----- DATA FOR PROCESSING -----
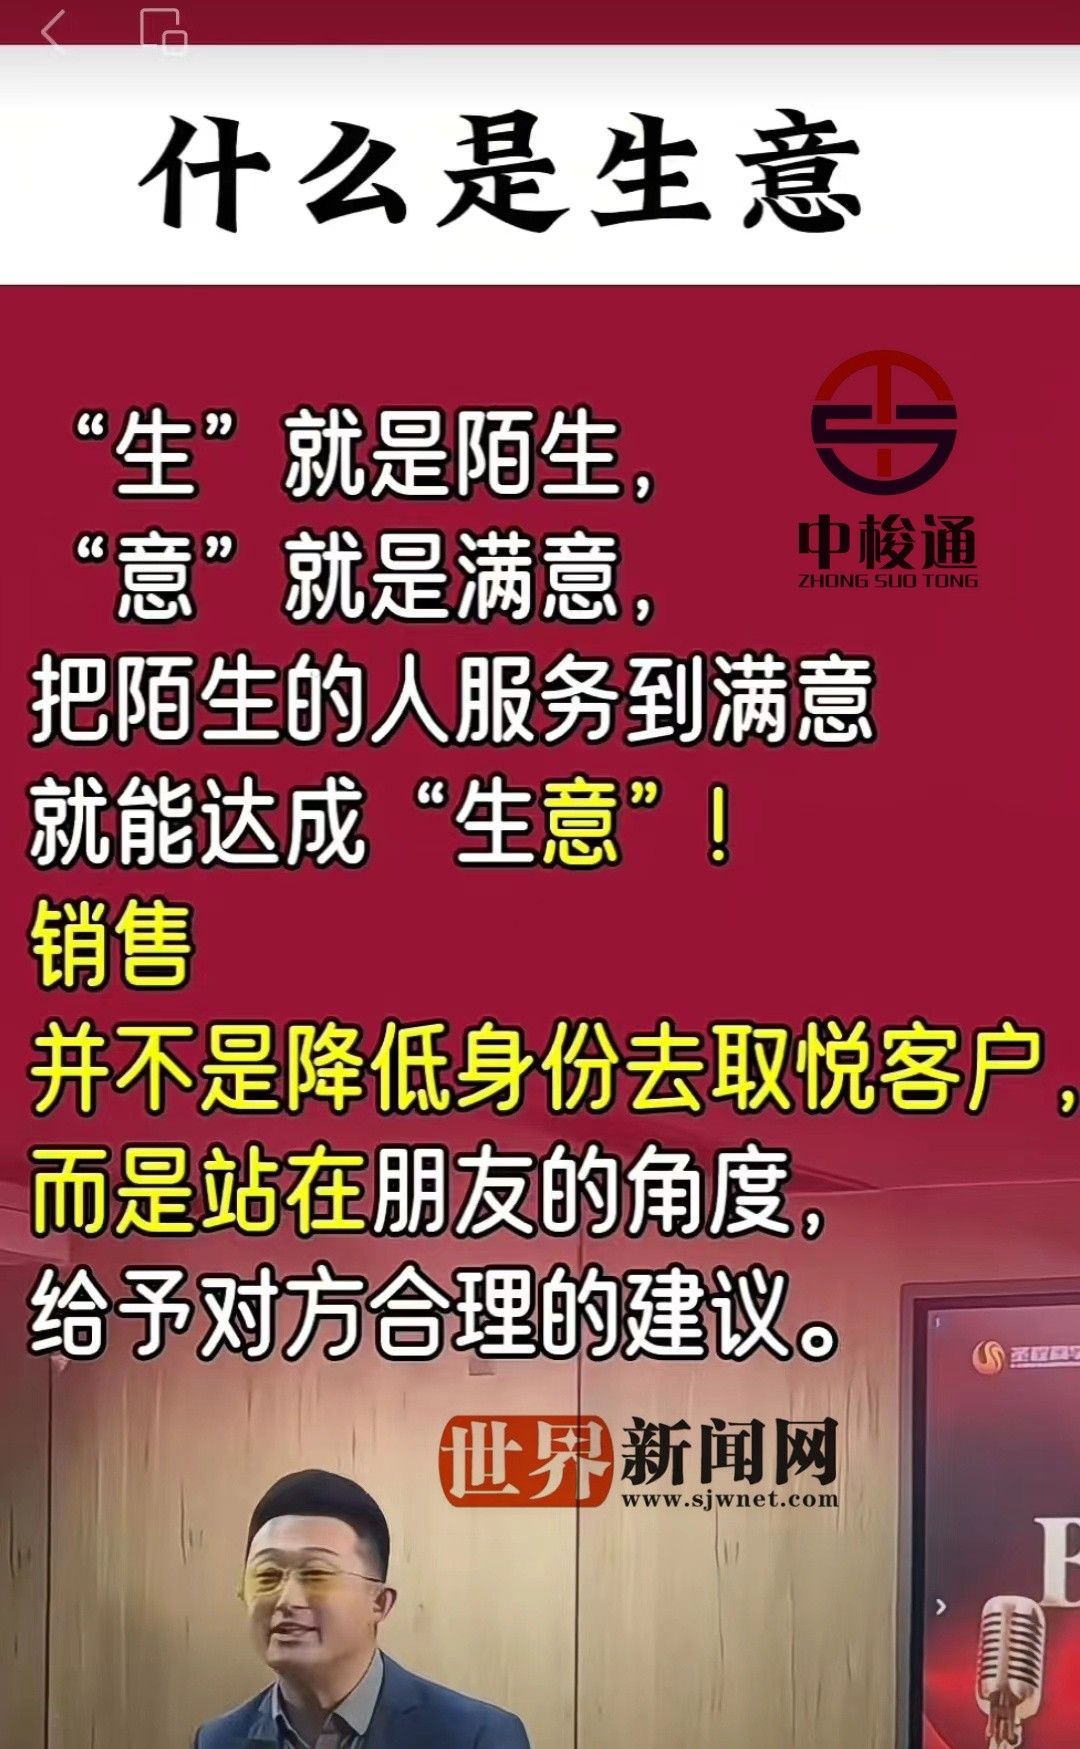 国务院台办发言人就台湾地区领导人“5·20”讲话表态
-----
----- DATA FOR PROCESSING -----
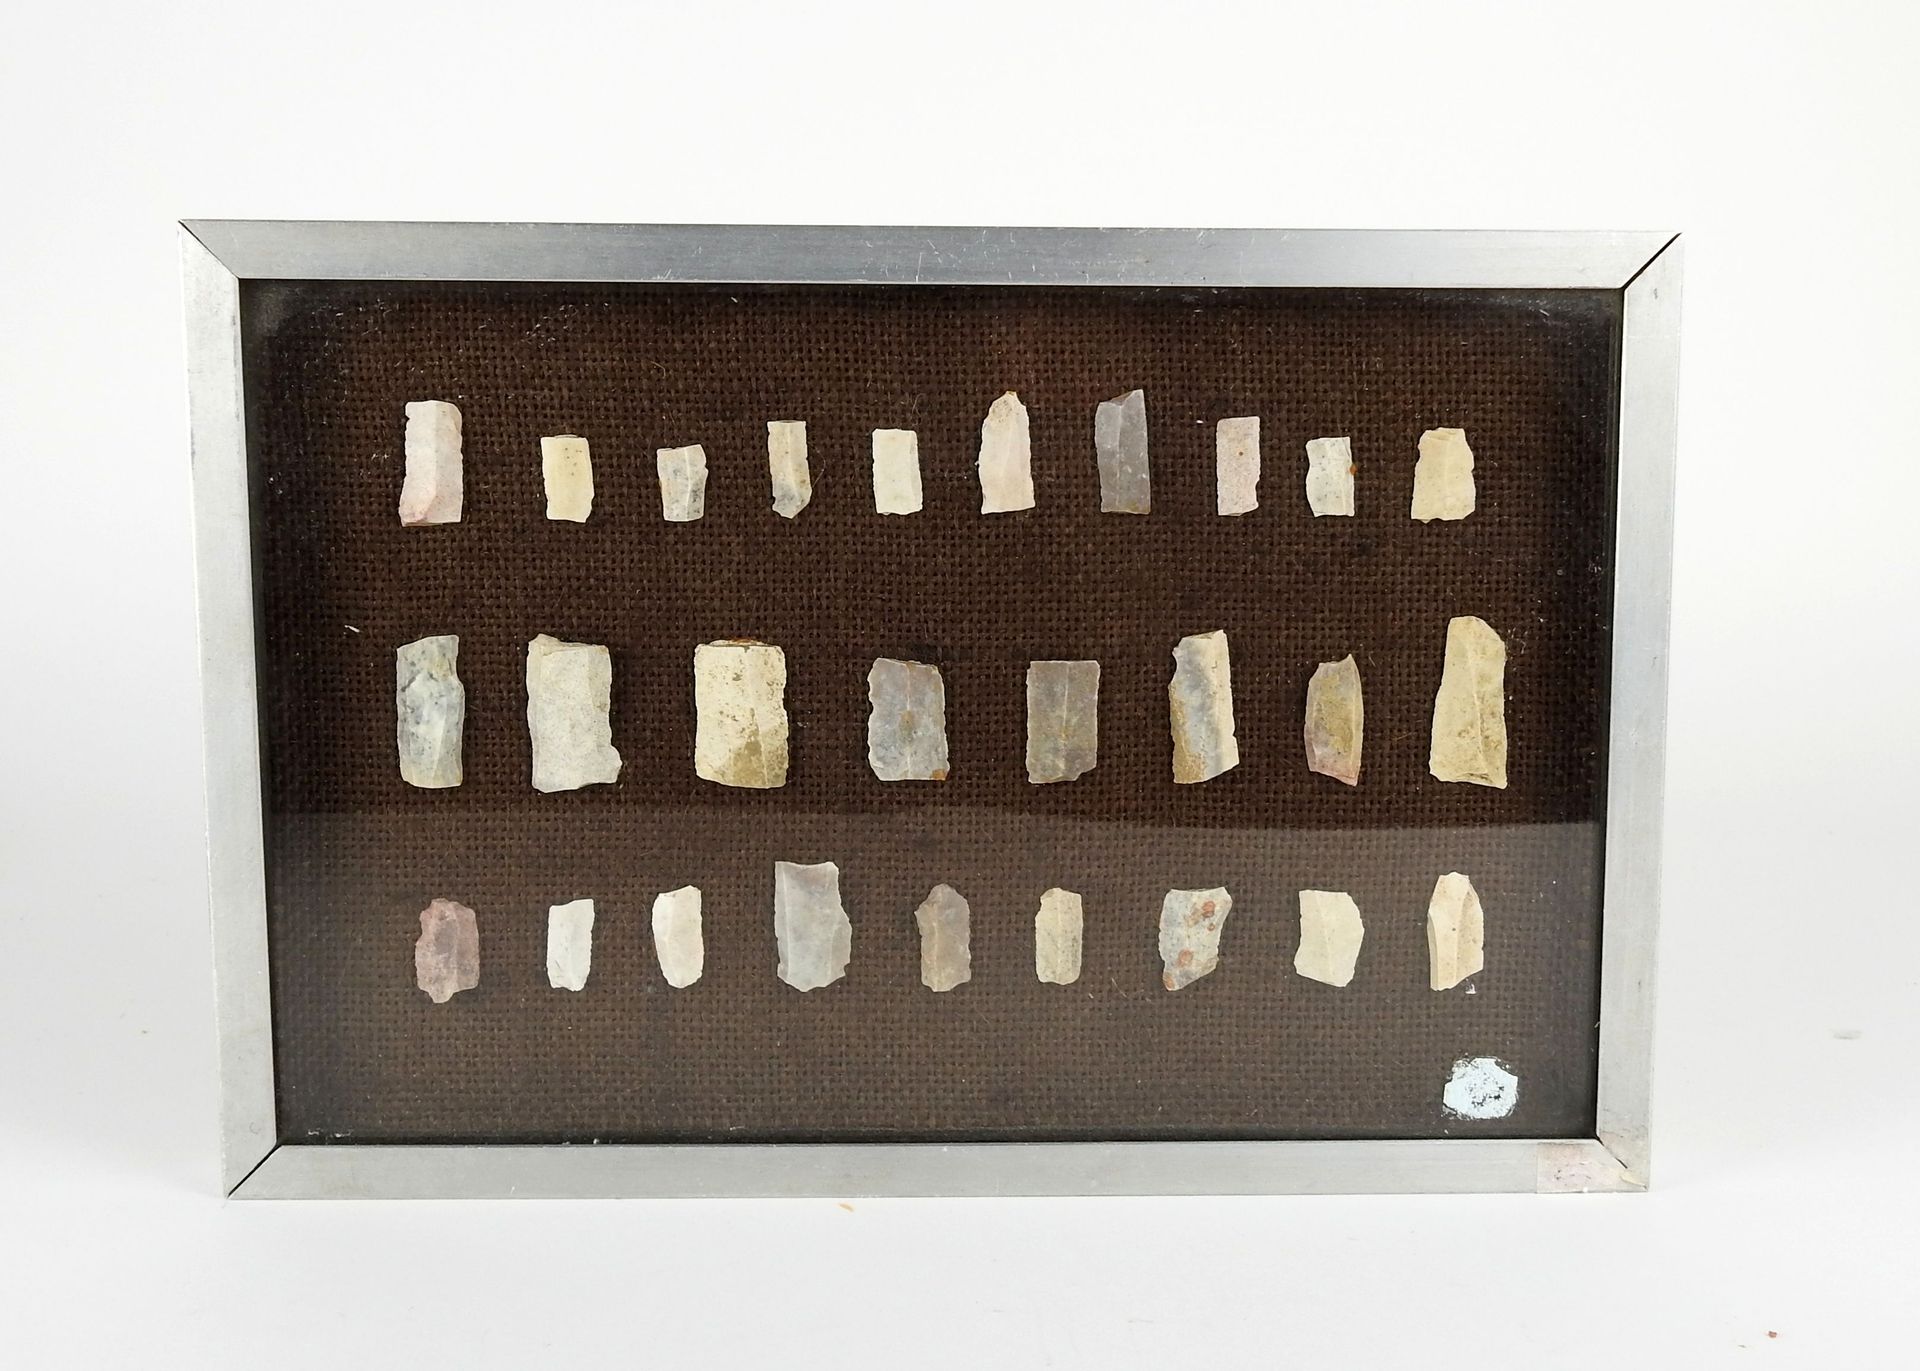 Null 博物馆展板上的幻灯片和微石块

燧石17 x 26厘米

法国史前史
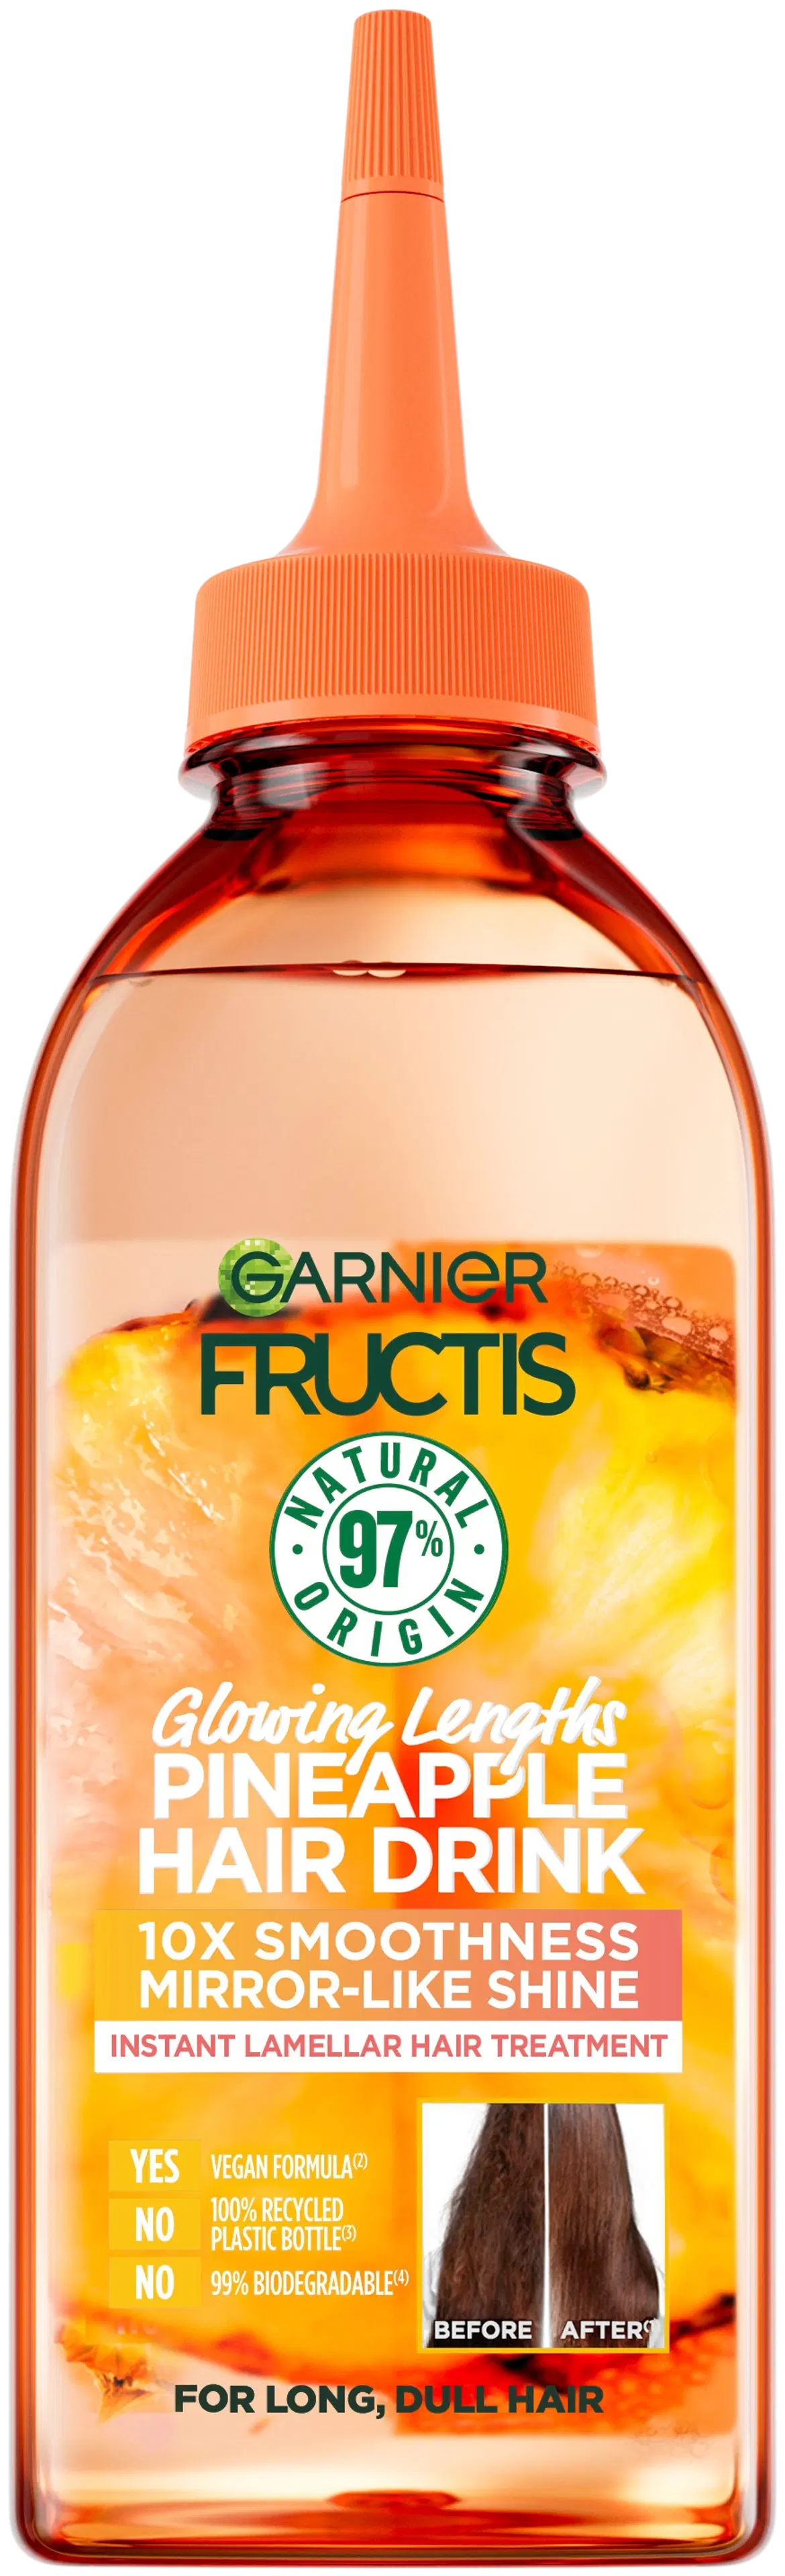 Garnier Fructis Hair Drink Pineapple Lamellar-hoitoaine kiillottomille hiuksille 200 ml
-----
EXERCISE GOAL:
Of all the material above, only the lines from the one that has "燧石17 x 26厘米" down to the one that has "Garnier Fructis Hair" are to be written out, exactly and with both ends included. Pictures are skipped.

PROBLEM SOLUTION:
燧石17 x 26厘米

法国史前史
 Garnier Fructis Hair Drink Pineapple Lamellar-hoitoaine kiillottomille hiuksille 200 ml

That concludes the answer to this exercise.